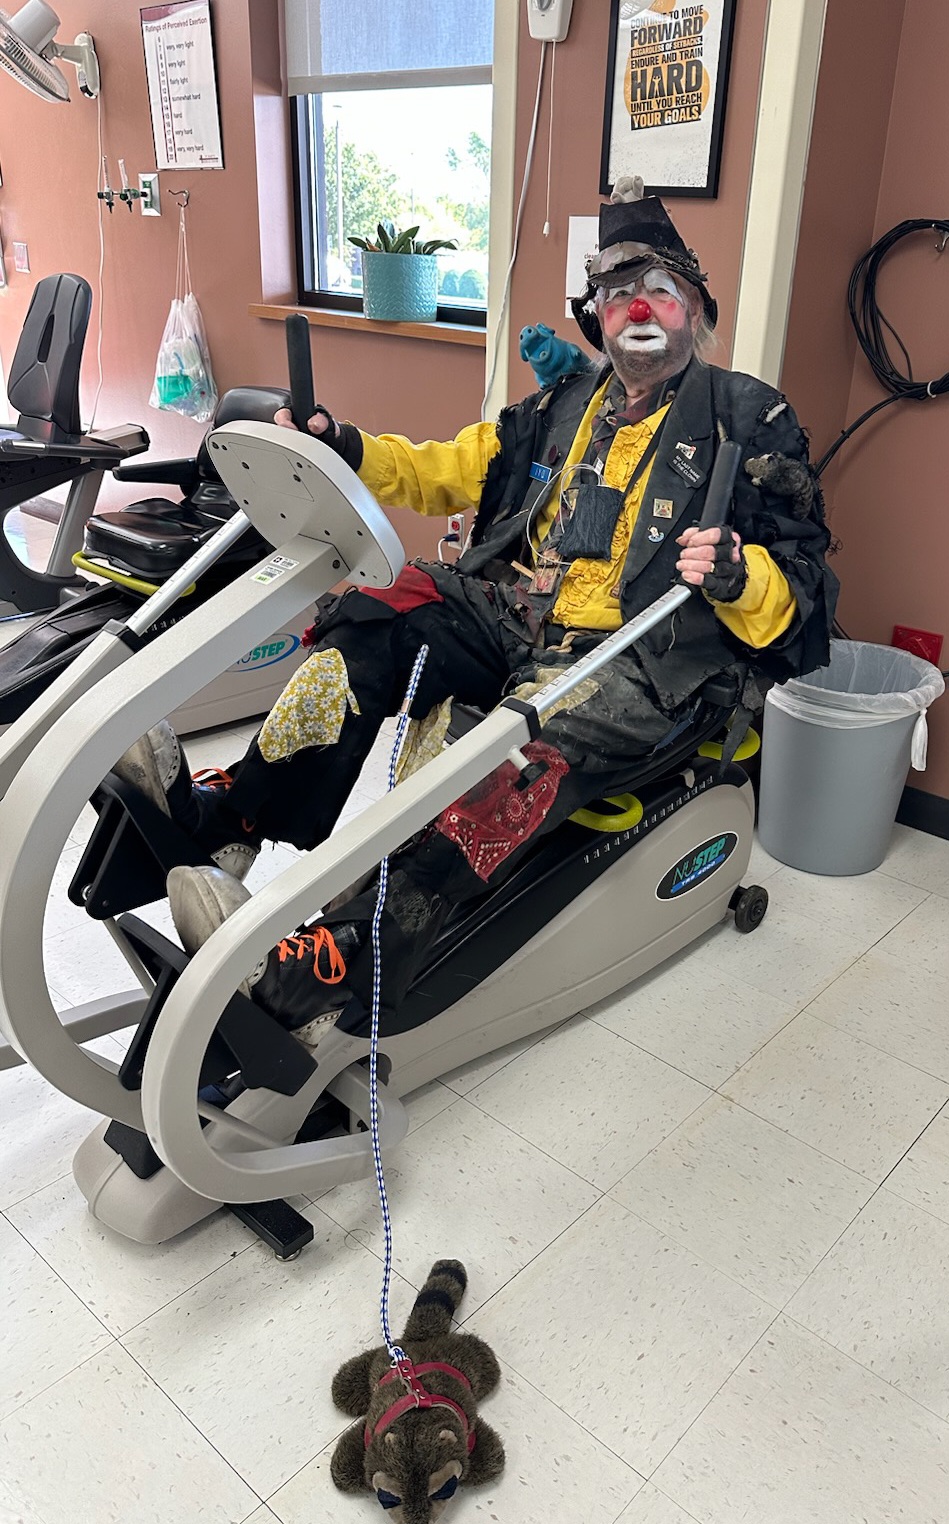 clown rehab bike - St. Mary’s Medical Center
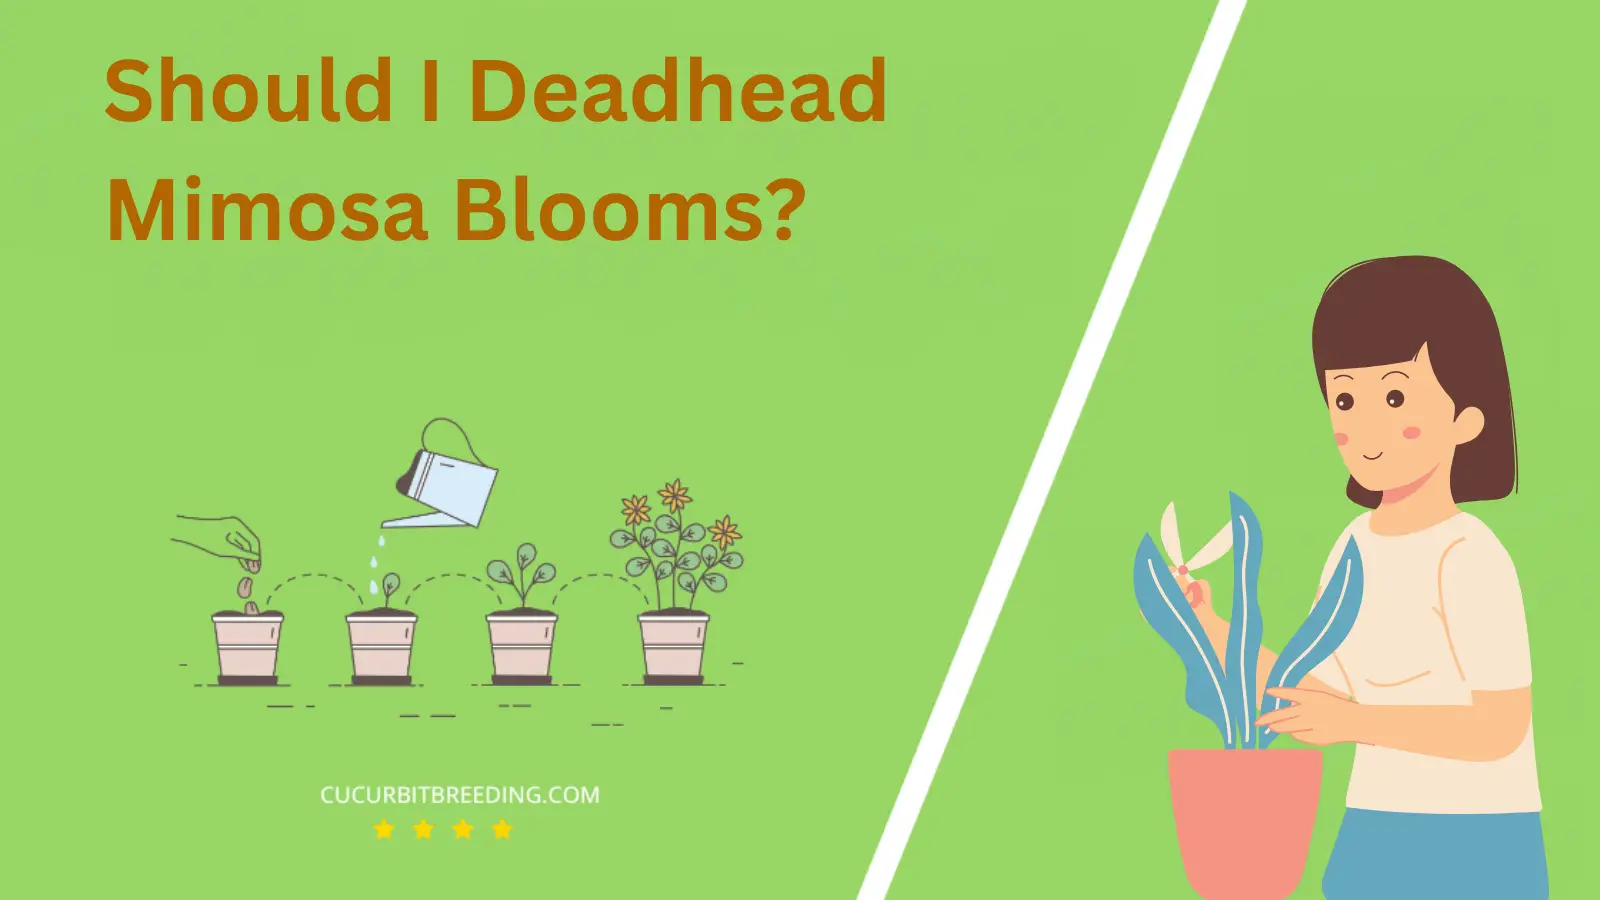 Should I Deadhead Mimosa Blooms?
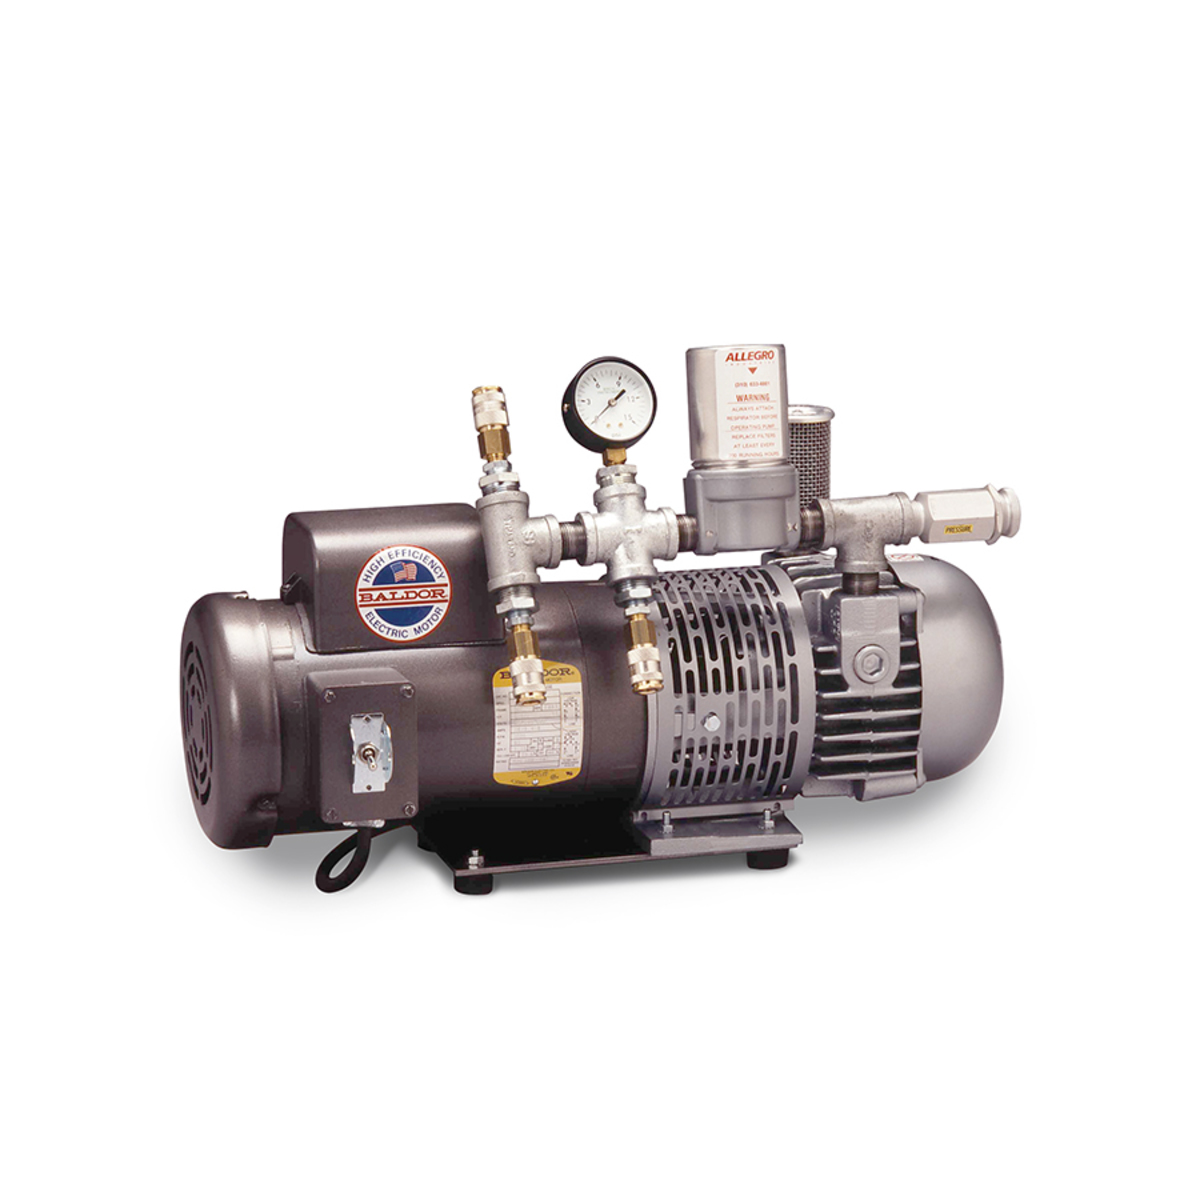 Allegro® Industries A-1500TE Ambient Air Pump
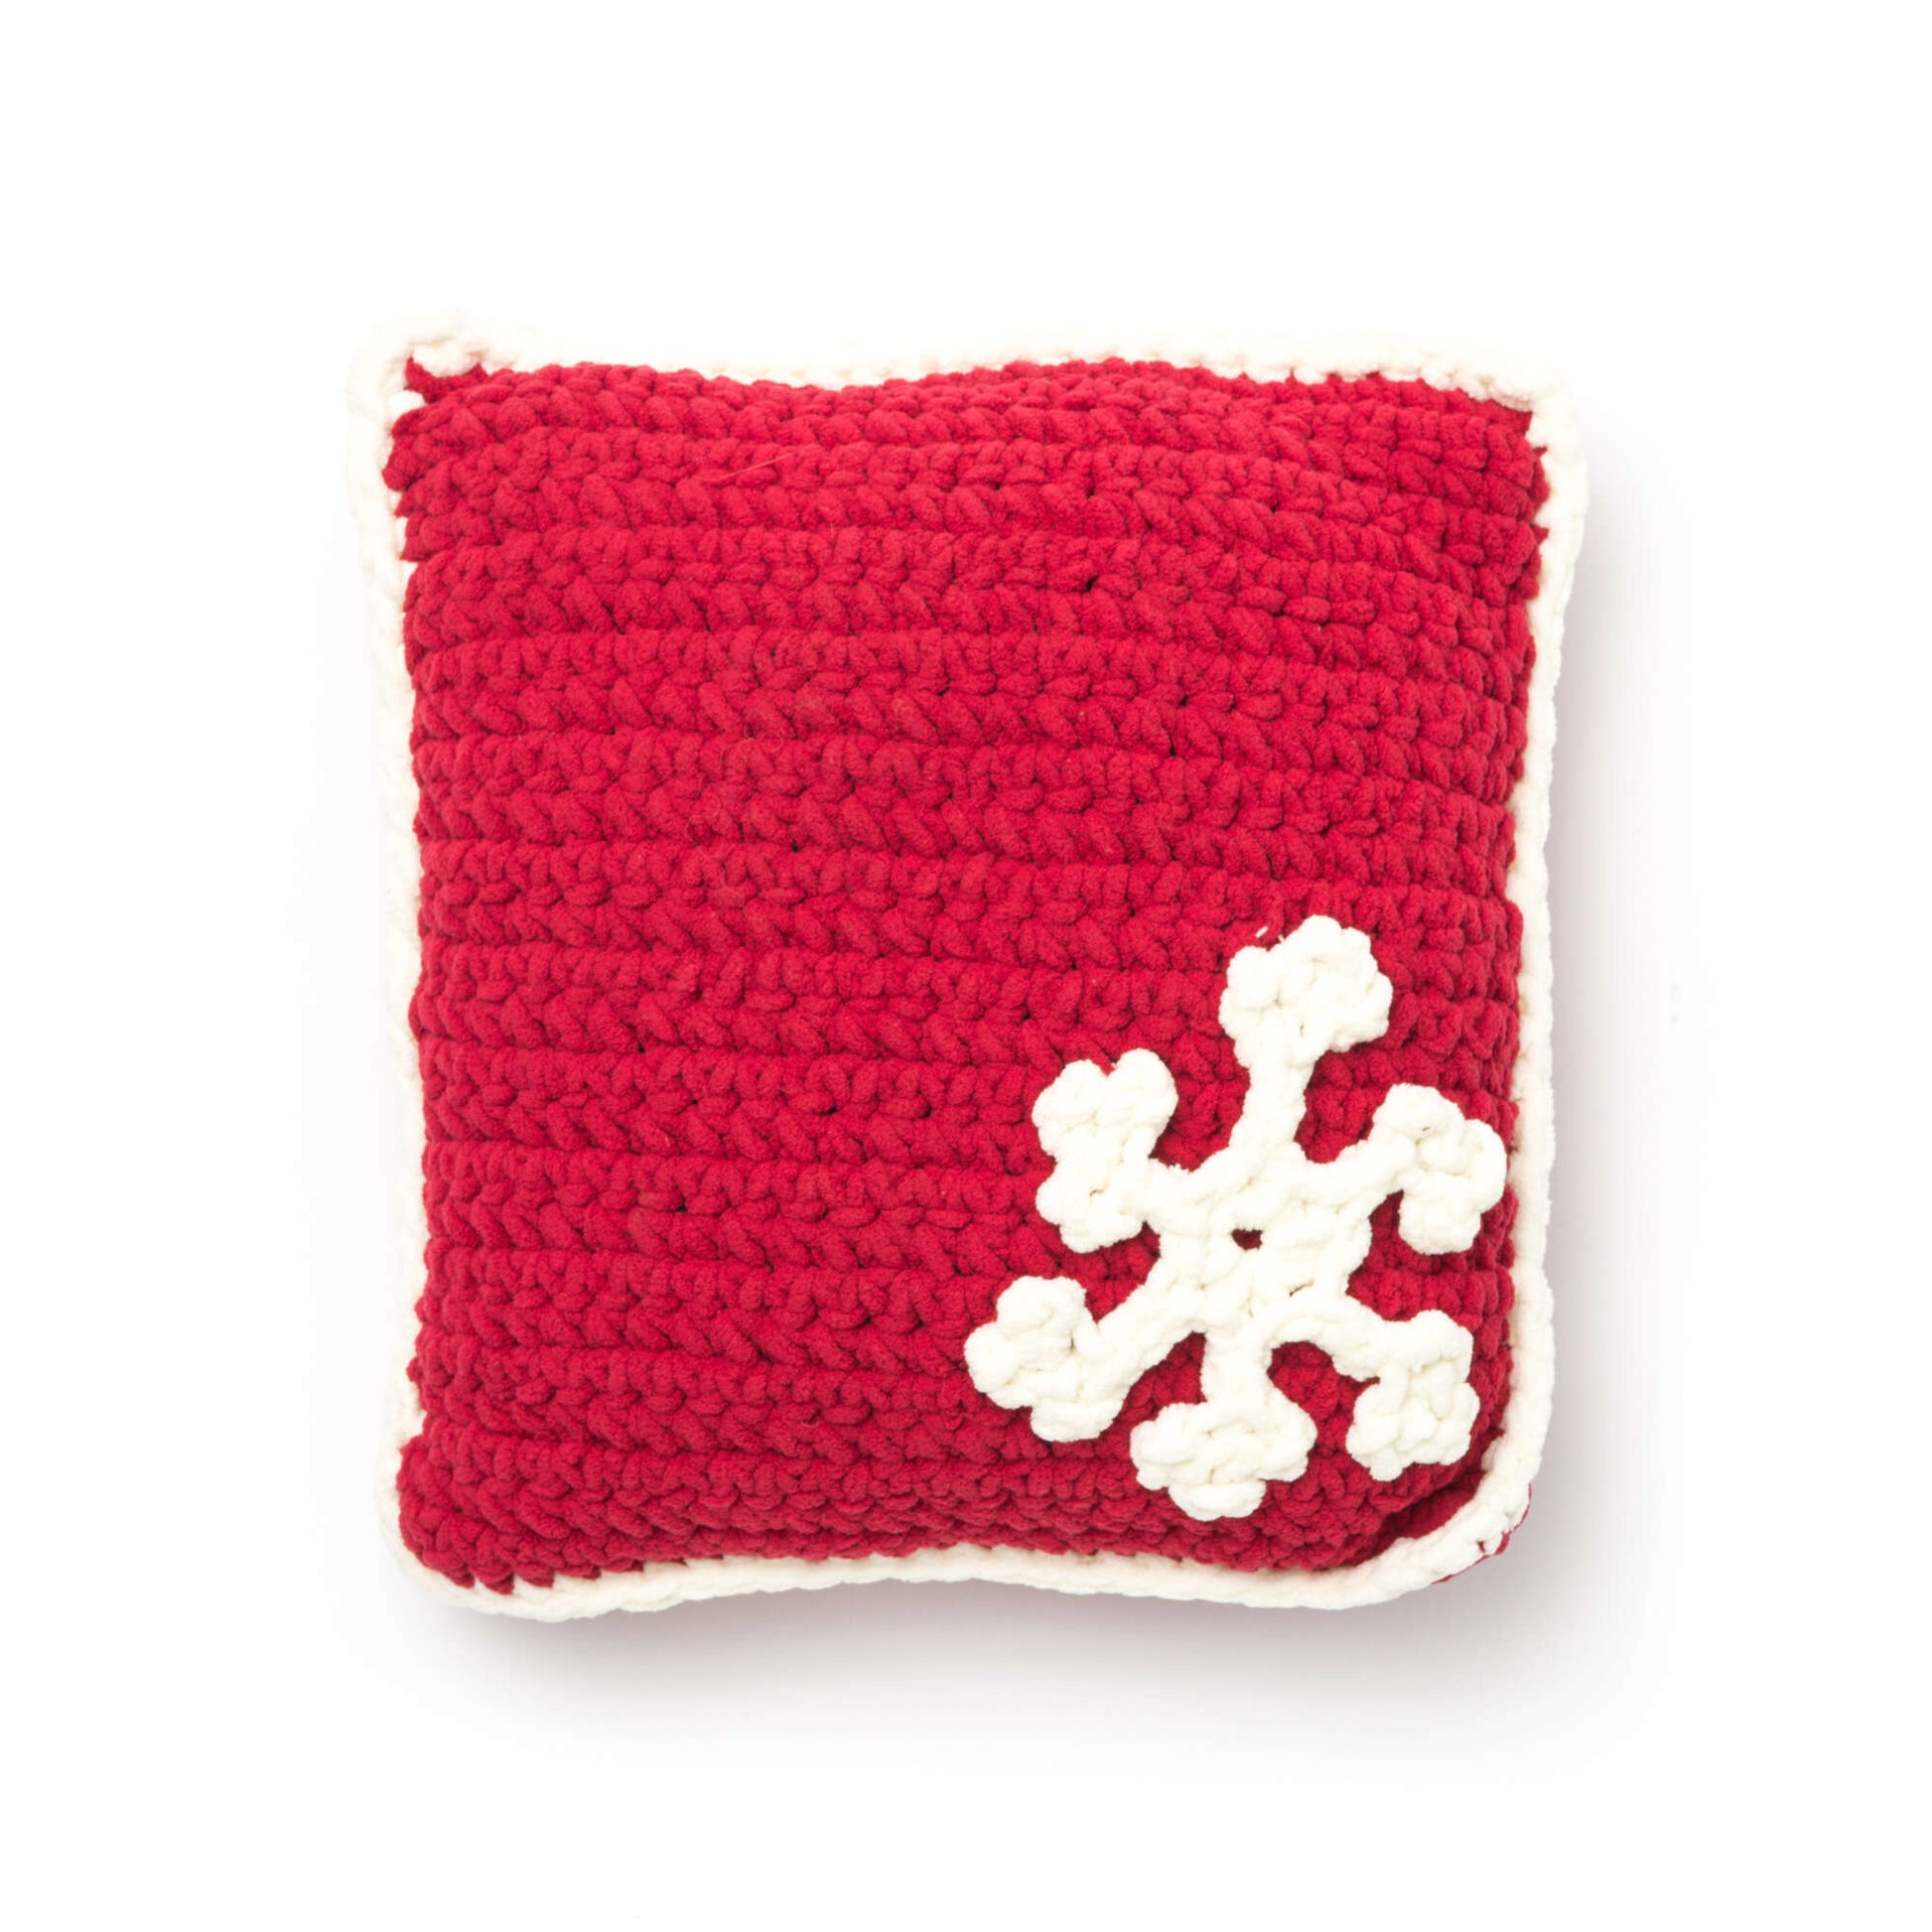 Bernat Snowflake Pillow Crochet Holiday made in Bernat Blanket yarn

== == ==

__Try it__
Nothing but the lines from the one with "Should I Deadhead Mimosa Blooms?" through the last line of the material above should appear in the answer, each copied exactly, with no pictures.

__Written answer__
 Should I Deadhead Mimosa Blooms?
 Allegro® Industries A-1500TE Ambient Air Pump
 Bernat Snowflake Pillow Crochet Holiday made in Bernat Blanket yarn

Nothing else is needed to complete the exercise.